● **SUPPLIED DATA**:
━━━━━━━━━━━━━━━━
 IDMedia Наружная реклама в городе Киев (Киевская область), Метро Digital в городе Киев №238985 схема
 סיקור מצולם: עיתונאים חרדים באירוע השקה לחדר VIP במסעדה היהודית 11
━━━━━━━━━━━━━━━━
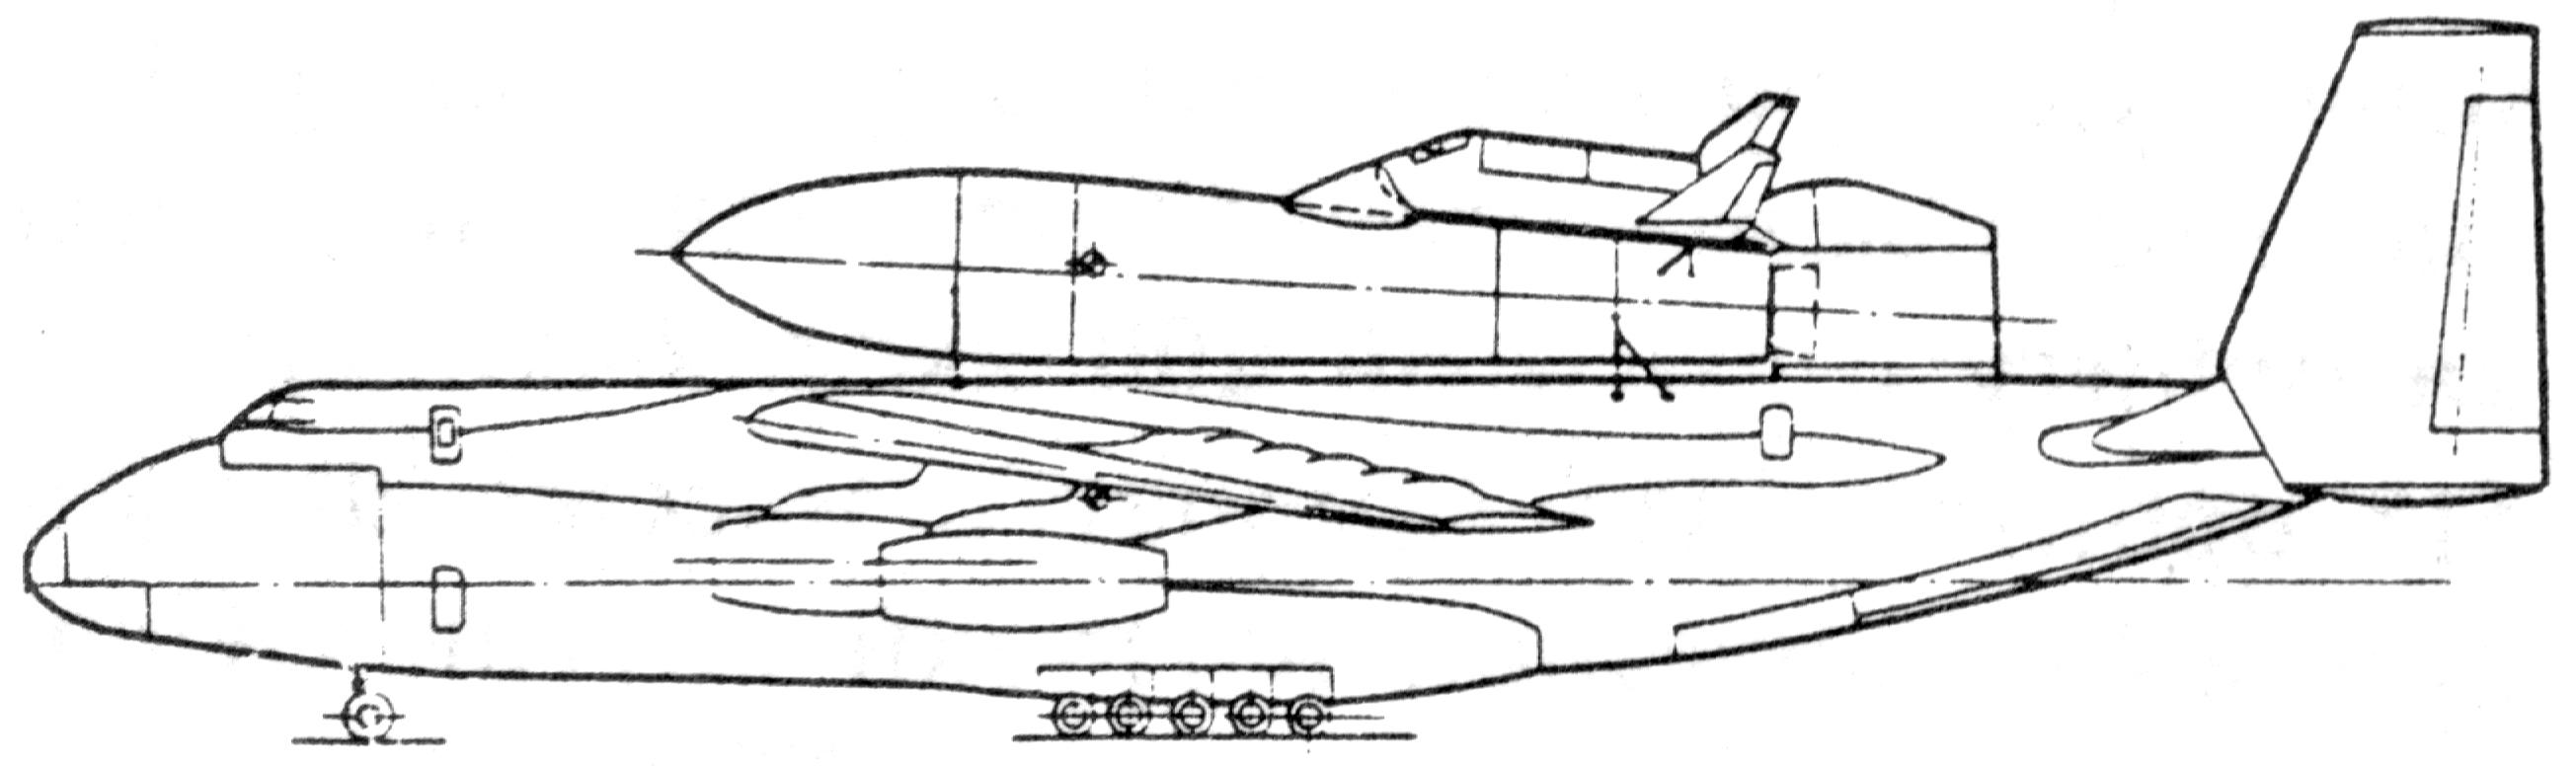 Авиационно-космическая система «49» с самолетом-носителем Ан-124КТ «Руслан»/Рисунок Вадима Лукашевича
━━━━━━━━━━━━━━━━
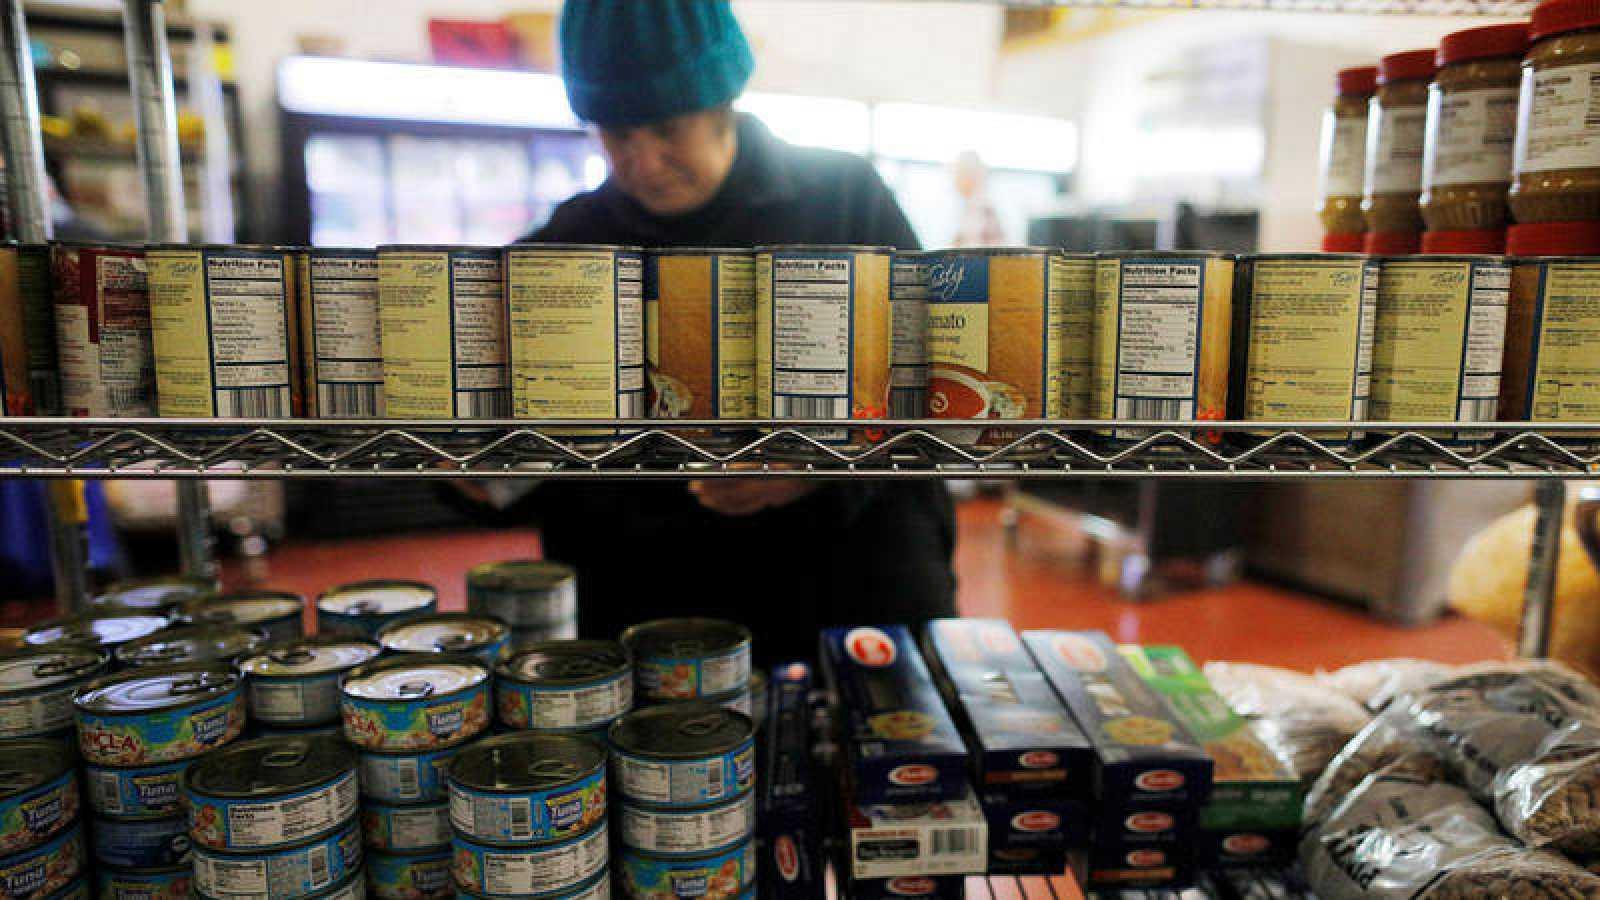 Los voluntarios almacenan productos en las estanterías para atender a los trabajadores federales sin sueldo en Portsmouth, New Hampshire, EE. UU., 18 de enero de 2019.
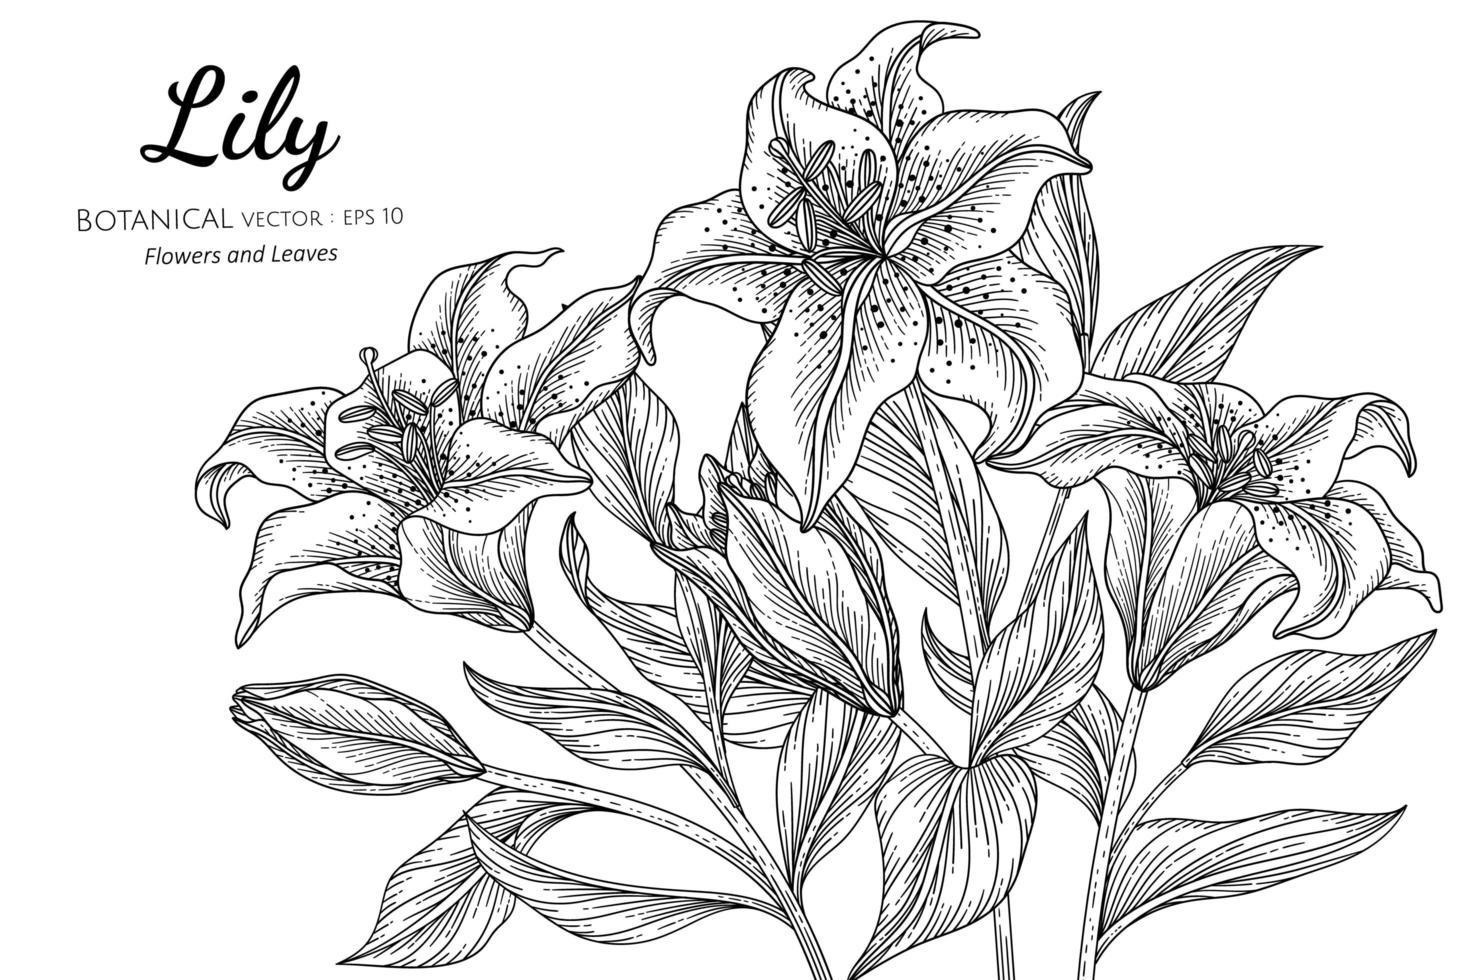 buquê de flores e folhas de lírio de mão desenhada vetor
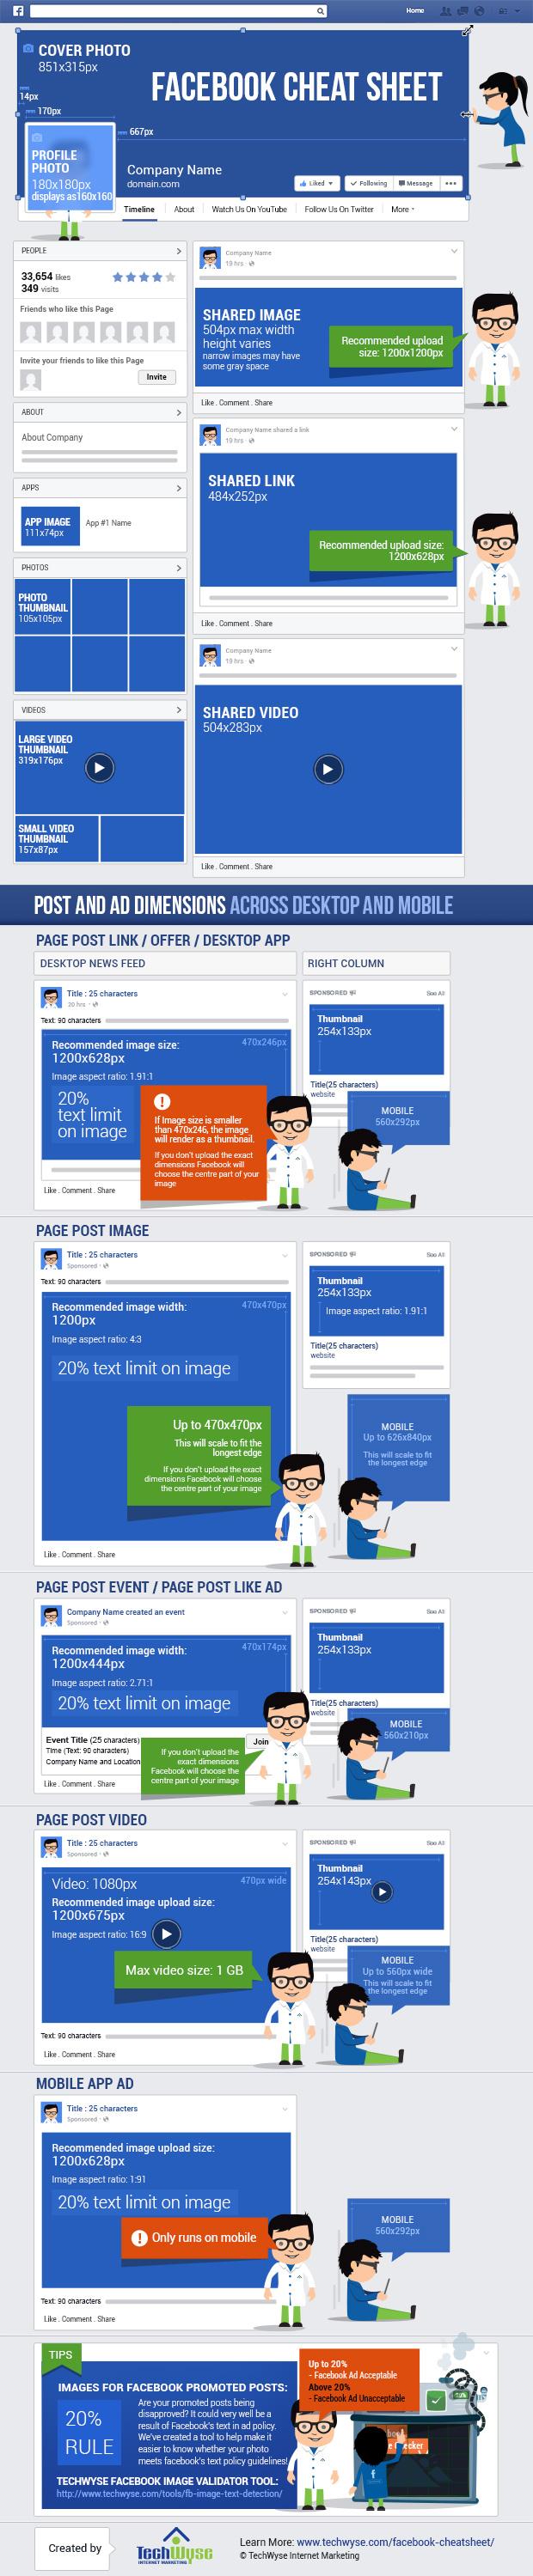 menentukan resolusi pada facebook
━━━━━━━━━━━━━━━━
Print exactly the lines of the listing above starting at the line containing "IDMedia Наружная реклама" and ending at the line containing "סיקור מצולם: עיתונאים", both included.

● **SOLVED PROBLEM**:
 IDMedia Наружная реклама в городе Киев (Киевская область), Метро Digital в городе Киев №238985 схема
 סיקור מצולם: עיתונאים חרדים באירוע השקה לחדר VIP במסעדה היהודית 11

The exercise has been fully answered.